Commercial performance
The song has over 115,000 downloads as the release of the single. The same figures of progress was shown by the album. The single is the least successful single by the band, whereas it is the fourth most successful promotional single by the band after the song "A Light That Never Comes" with American electronic musician Steve Aoki that's also a single, "Lying from You" and "Powerless" as promotional singles. The song has raised over $148,350 for the Haiti earthquake.

Music video
The music video of the song was released on February 18, 2010 on YouTube, iTunes and Myspace. The video was directed by Bill Boyd. The video is a footage type music video. It contains footage of the tragedy and crisis took place in Haiti after the earthquake. It also contains an advertisement for the compilation album at the end of the video.
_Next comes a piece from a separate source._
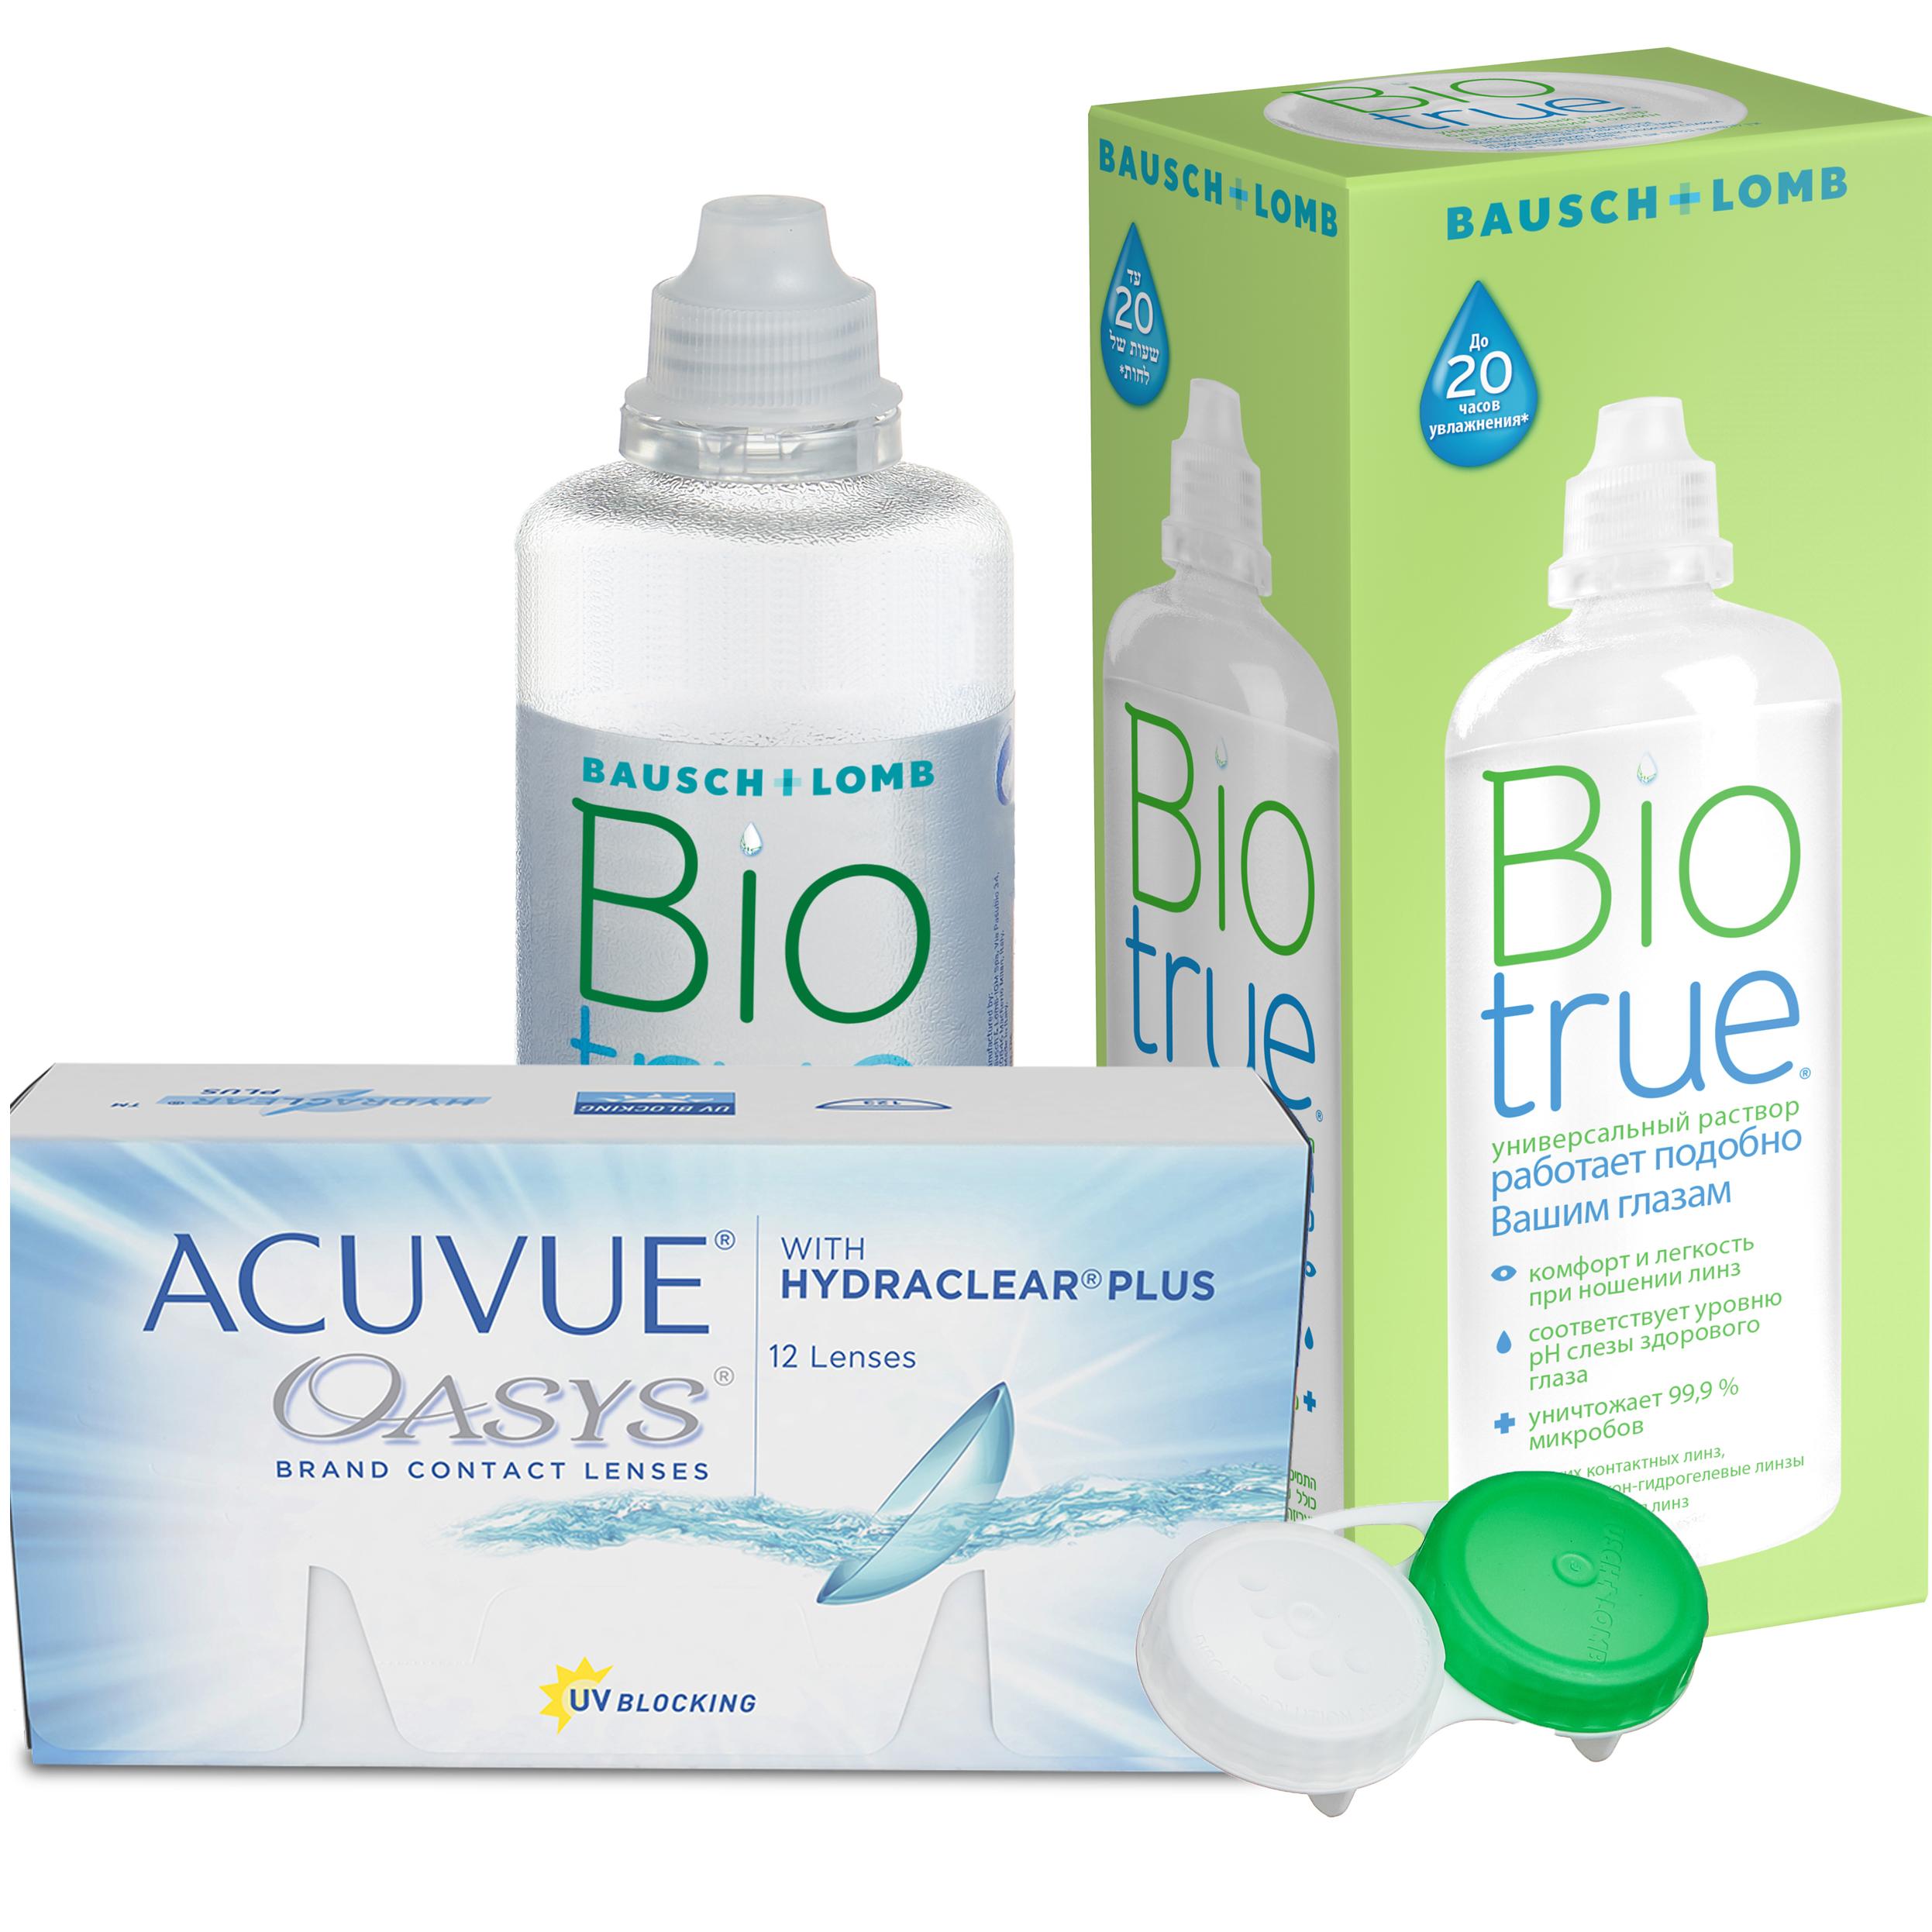 Купить Oasys with Hydraclear Plus 12 линз + Biotrue, Контактные линзы Acuvue Oasys with Hydraclear Plus 12 линз R 8.4 -5, 50 + Biotrue 300 мл

The video shows how people from Haiti survived in an earthquake crisis, with dozens of people injured during the crisis, many people dead during and after the crisis, and how they grew upset after the crisis, and people getting free stuff from other people who came from the United States of America, before serving up food for the people of Haiti, etc. During the video, it shows Linkin Park recording and composing on the song for the compilation album as the band's single: Chester Bennington recording the vocals, Mike Shinoda and Brad Delson composing the song while in recording session with the rest of the band, Rob Bourdon working on the drums, Dave "Phoenix" Farrell on the bass guitars, and Joe Hahn on the synthesizer.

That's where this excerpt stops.